A new product (initially Curodont^TM, and now Curodont^TM Repair (H)) containing peptide P11-4, based on patents of Leeds researchers, was granted its CE certificate in January 2012 (C) and has now entered the European market for clinical use as a class IIa medical device; the product has also been approved for clinical use in Australia, and Health Canada approval is pending. Large scale production of Curodont^TM provides a fully GMP-compliant product (50,000 patient treatments in the first run) for which patient acceptability has been shown to be very high. Leeds researchers contributed to this outcome by conducting first in man safety trials for P11-4, demonstrating a clear clinical improvement over treatment of class 5 lesions with the peptide (6). The product has been launched in Germany and Switzerland in Q1/2013. Credentis has engaged a UK dental specialist company, Optident, who will distribute and supply the products within the UK market from October 2013 (I). A second product, Curodont™ Protect, was approved(H) in April 2013, is regulated as a cosmetic and has been launched in selected markets in 2013; here, the formulation of the peptide has been adapted for the treatment of dentin hypersensitivity and the prevention of tooth decay.

There has been significant investment in research and development of this peptide technology (including P11-4) by overseas industry. In addition to support from Credentis AG (G), a collaborative project with Geistlich Biomaterials (Switzerland) demonstrated that self-assembling peptides can promote highly efficient bone regeneration in an animal model.

Health impact
A new clinical intervention - a medical device for restoration of early enamel caries - has been developed, trialled in patients and a definite positive outcome demonstrated (6). Leeds researchers were involved in all stages of the product development from laboratory to chairside (C). The resulting marketed products launched in 2013 are seen by the profession to fill the previously unfilled gap between prevention and surgical intervention (J).

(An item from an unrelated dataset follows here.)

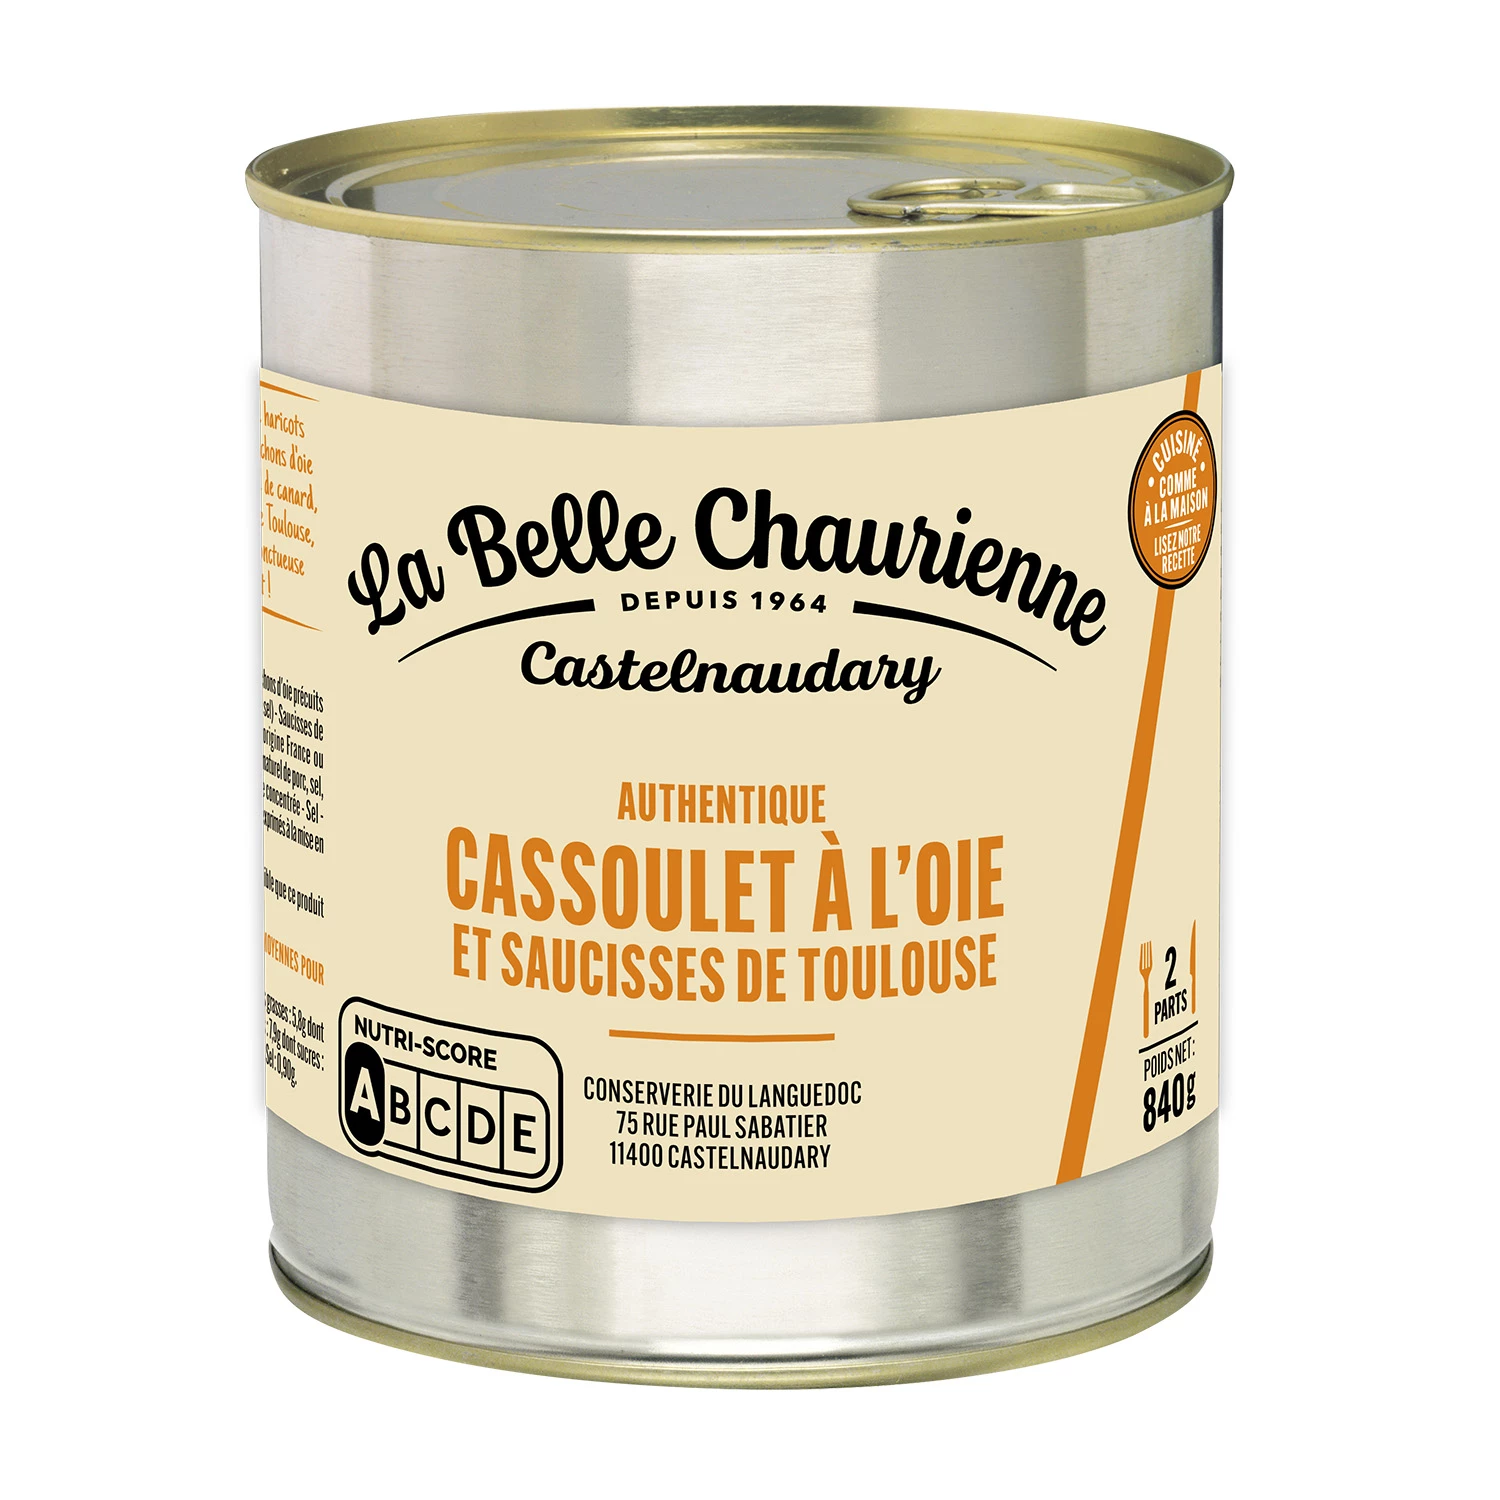 Cassoulet Con Confit D'oca 840g - LA BELLE CHAURIENNE

Sources to corroborate the impact

(A) For example: (a) "Tooth technology", EPSRC Growth Story, May 2013; (b) Story on Channel 4 news, 22^nd August 2011 ( http://www.channel4.com/news/no-more-dental-drilling-and-filling; accessed 28.10.13); (c) Daily Mail, 22^nd August 2011 (http://www.dailymail.co.uk/health/article- 2029014/Painless-tooth-fillings-drilling-make-dentist-trips-irksome.html; accessed 28.10.13).

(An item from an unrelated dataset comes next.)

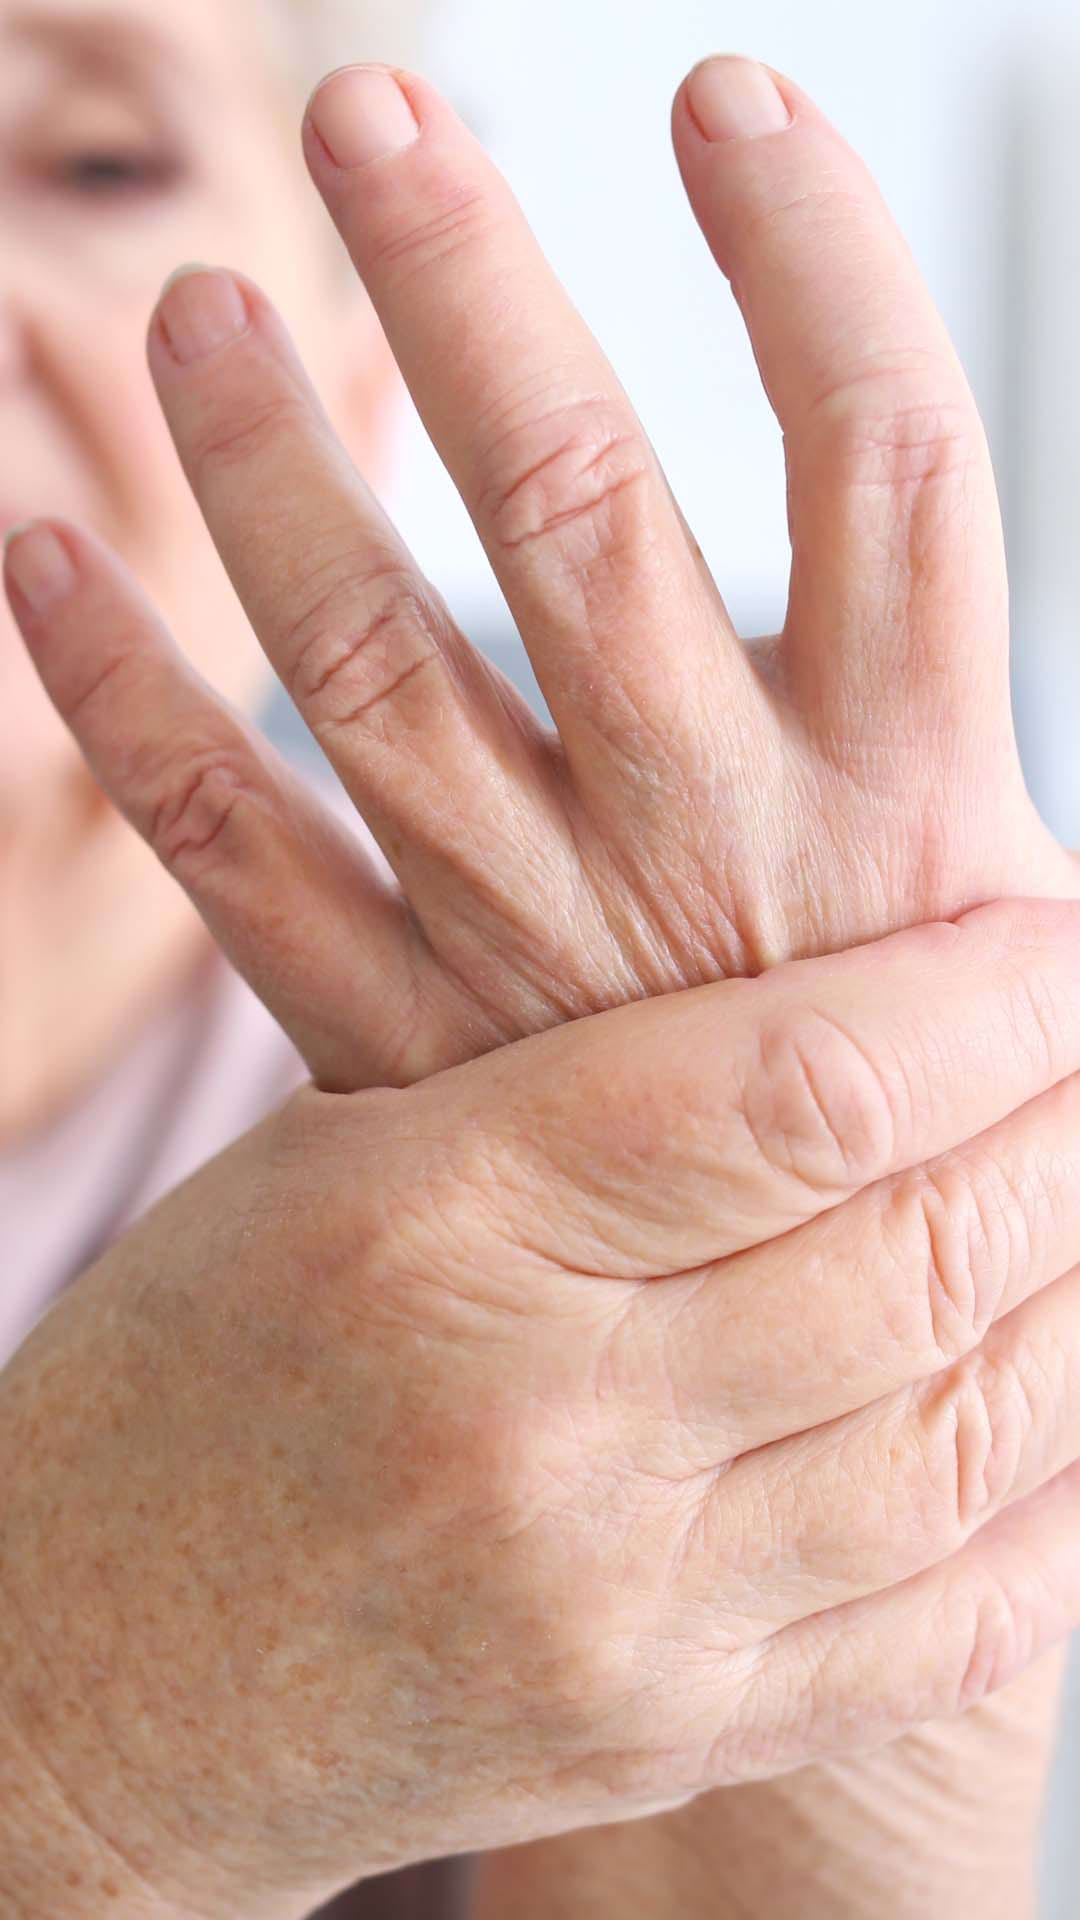 Ce este Artrita : Cauze, simptome si tratament | Bioclinica

(B) License agreements between University of Leeds and Credentis, 06.01.2011 and 02.01.2013.

(C) Letters, Chief Executive Officer, Credentis, 2013, 13^th June 2013 and 30^th August 2013.

(D) Platform technology patent: "Beta Sheet Forming Peptides"; Proprietor : UoL, Inventors : N. Boden, A. Aggeli, T. C. B. McLeish, Priority Date: 28/3/1996, European Patent No: EP 0 759 933,B1, granted 08/05/2002 and being currently maintained. The patent recognised at an early stage the potential applications of the new materials

(E) "Beta-sheet forming peptides and materials made thereof", Proprietor: UoL, Inventors : N. Boden, A. Aggeli, E. Ingham, J. Kirkham, Priority Date: 17/07/2003, European Patent No: EP 1 523 494 B1, granted 23/12/2009 and being currently maintained.

(F) "Beta Sheet Tapes Ribbons in Tissue Engineering", Assignee: UoL, Inventors: N. Boden, A. Aggeli, E. Ingham, J. Kirkham, US Patent No: US 7700721, granted 20/4/2010 and being currently maintained.

(G) Collaborative agreement with Credentis AG, 29^th April 2013.

(H) "Curodont™ Repair and Curodont Protect™ for the treatment and prevention of tooth decay", NIHR Horizon Scanning Centre, University of Birmingham, July 2013.

(I) Letter, Commercial Director, Optident Ltd., 24^th September 2013.

(J) "Curolux Technology: Regenerative Cutting-Edge Technology", brochure containing quotes from independent dental practitioners who have used Curodont^TM Repair, 2013.